In the continuing analysis of ObamaCare . . . let’s continue to count the change.
The administration did not release two other crucial statistics that would help determine the success of the law: the number of people among the eight million who bought insurance for the first time and the number who paid their initial premiums.
The number of those who were previously uninsured is important, since many people could simply have been moved from plans that were canceled by the law. Administration officials have promised to release that information when they have it, but they have said it is not data that is collected by the government.
The count now stands at 8 million enrolled which is even better than the 7 million previously counted. But, that’s a count which includes many people who don’t truly count for ObamaCare. People who already had health insurance, but then enrolled for ObamaCare because the law killed their previous policies do not count. ObamaCare aimed at the uninsured, right? And, it sure would be nice if enrollees also had paid premiums because enrollment without payment is fantasy insurance. But:
Administration officials have promised to release that information when they have it, but they have said it is not data that is collected by the government.
How is it possible that the government does not have this information? I’m not talking politics here, I’m talking straight persuasion and counting the change. I’ve designed and implemented a new computer-based system that people must enter to count and I cannot count at every nanosecond variables like prior insurance, age, or health status? That is astoundingly unbelievable on the face of it, like catching your children with their hair on fire while swearing they weren’t playing with matches.
Who designs a Big Data system that cannot instantaneously and continuously count things like that? Such an assertion bears no scrutiny because of the implications for either (or both) competence and character. You cannot be that stupid or that dishonest.

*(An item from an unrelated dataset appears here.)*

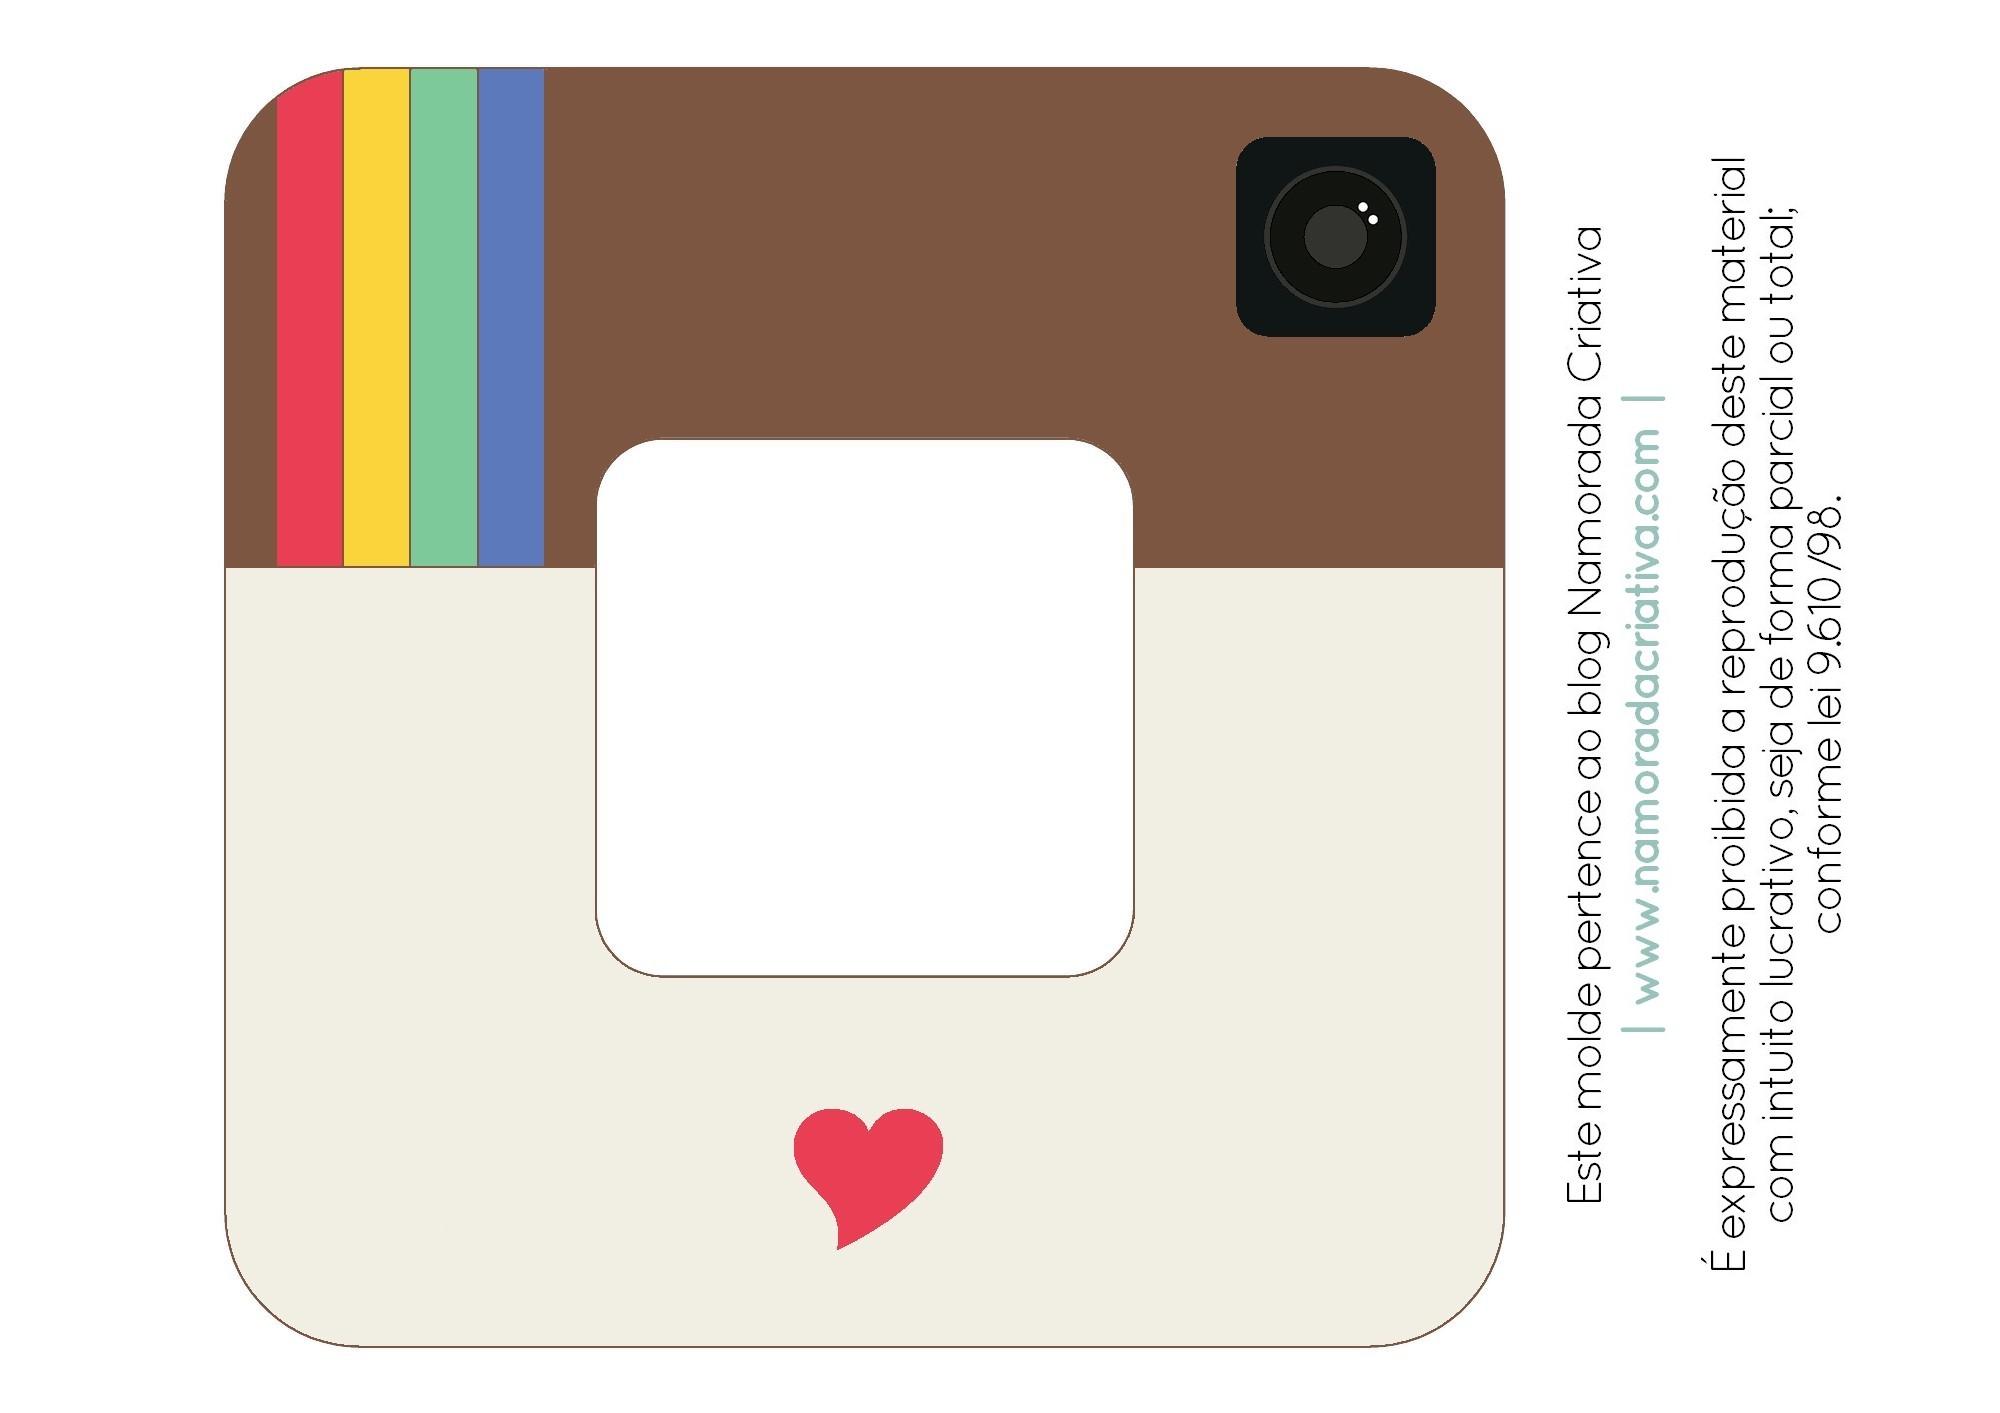 DIY-Porta-retrato-Instagram-Namorada-Criativa-Sem-texto-com-Coração

I think that Team Obama knows to the fifth decimal place exactly the count on these variables and is maneuvering. Consider these three paragraphs from the NYTimes account.

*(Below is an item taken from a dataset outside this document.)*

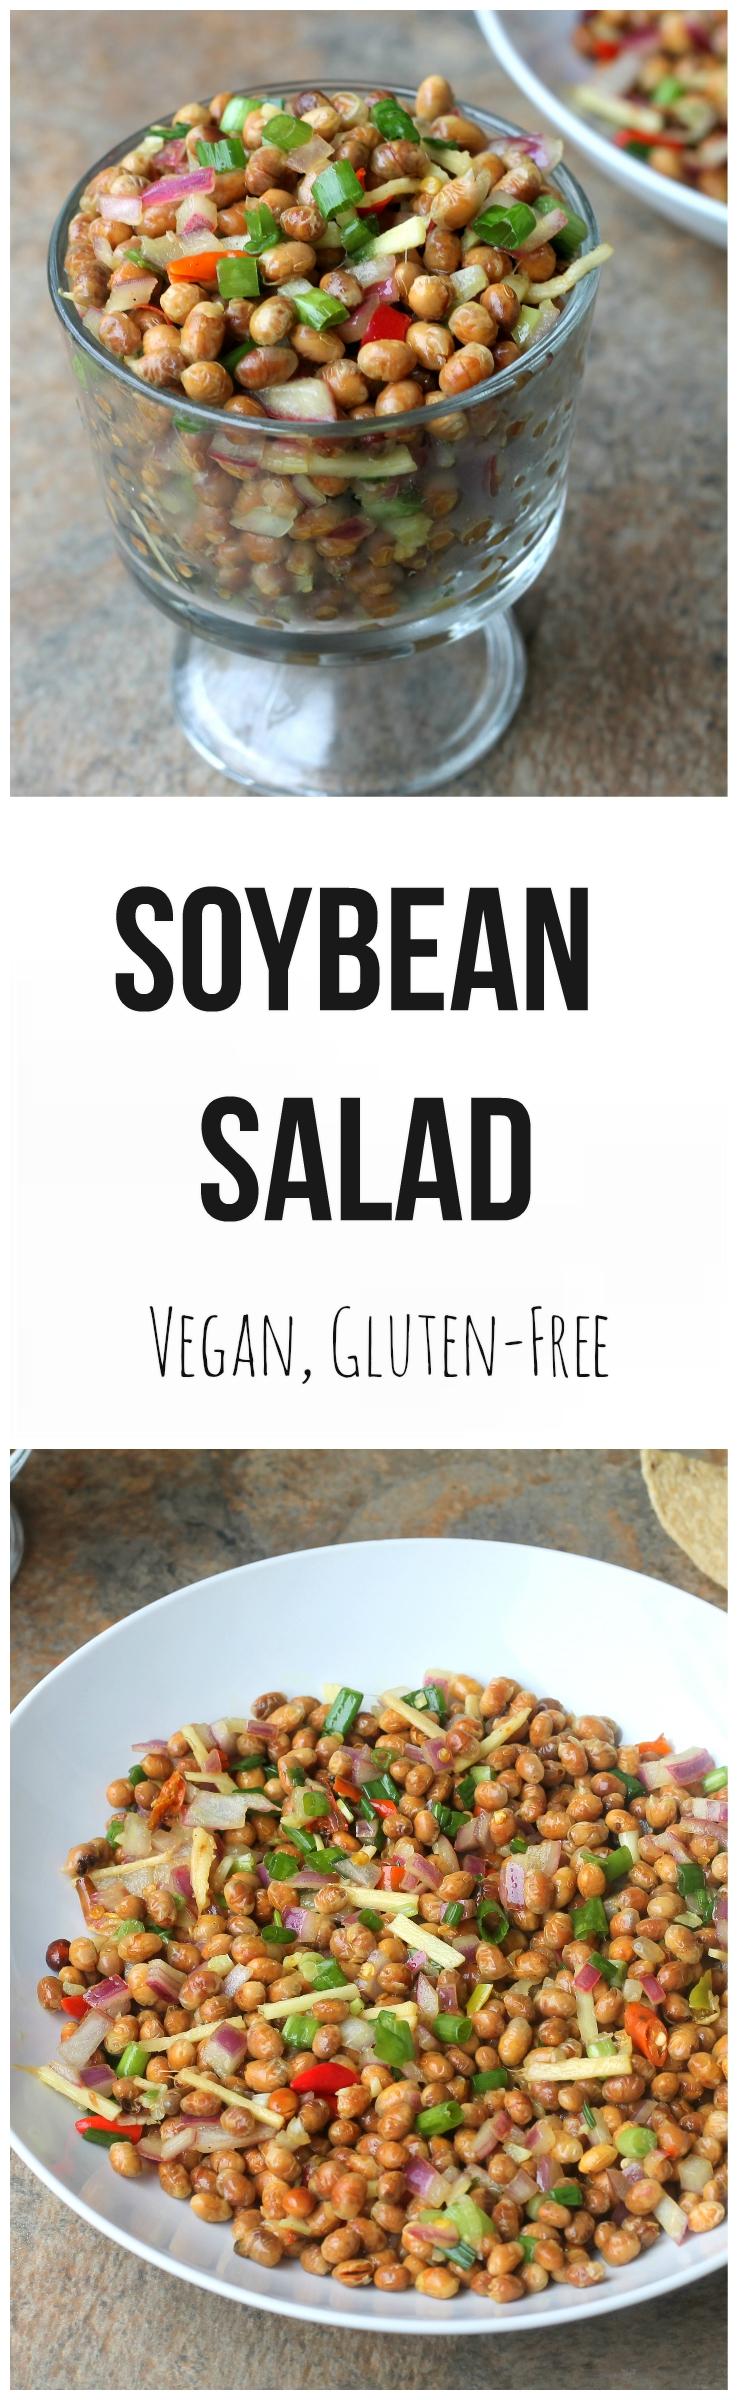 soybeansalad

President Obama announced Thursday that eight million people have signed up for health insurance under the Affordable Care Act, including what the White House said were a sufficient number of young, healthy adults, a critical milestone that might counter election-year attacks by Republicans on the law’s success and viability.
In the early months of signups, the number of young people between the ages of 18 and 34 — who tend to be healthier — hovered around 25 percent. But as White House officials predicted, many young people appear to have waited until close to the March 31 deadline to enroll, increasing their participation.
The administration said Thursday that 28 percent of those who bought policies were between the ages of 18 and 34, but some analysts said the optimum level would be 40 percent.
So. Team Obama asserts there is a “sufficient number” of young and healthy first time enrollees because at first only 25% of this target enrolled, but now it’s all the way up to 28%. Do a cold hearted persuasion analysis on this.
Team Obama can say that 28% of the enrollees are young and healthy, but cannot say whether anyone is previously insured. They can say that 28% of the enrollees are young and healthy, but cannot say whether anyone paid their premiums. Again, I shout, are you serious? What kind of Big Data system permits a public number as specific as 28% young and healthy, but doesn’t permit any number for prior insurance or payment status?
This is the kind of counting you would expect if you were protecting the Idiot Niece or Nephew in the Corner Office running a new Big Data Initiative. Only someone who enjoys kindness from strangers or a rich daddy or a good looking momma can say things like this and survive.
Quickly now, draw a sharp contrast in this Local and most others. Team Obama holds their position until January 2017 and can get away with such obvious political machinations. They face no existential consequences. For everyone else who lives in a Skinner Box, this kind of Big Data design, implementation, and public comment is a shock box.
As always with a persuasion campaign, especially one still on-going, is the problem that you rarely have all the crucial information you need to critique it. Thinking as the persuasion guy in charge of doing ObamaCare, I’d be having heart failure today even with the limited public knowledge about it. Sure, I’ve got a number like “eight million” that everyone around me agrees is a safe public number, but that I know is only a General Semantics Persuasion Play©™® where we’re fooling Other Guys into confusing the number for the reality.
I’d also be worrying over the next round of enrollments which begin in a few months. Will I still have a bazillion dollar media budget? Will Mr. Obama still play irony between the ferns? How am I going to motivate the nearly 40 million remaining uninsured to get into my system? And my prior experience in the Fed would worry me more. Even when there’s enough money, somebody can always just change their mind and a campaign gets dropped, neither a failure nor a success, but politically useful.
Man, anyone who thinks persuadin’ is easy don’t know sand from ice.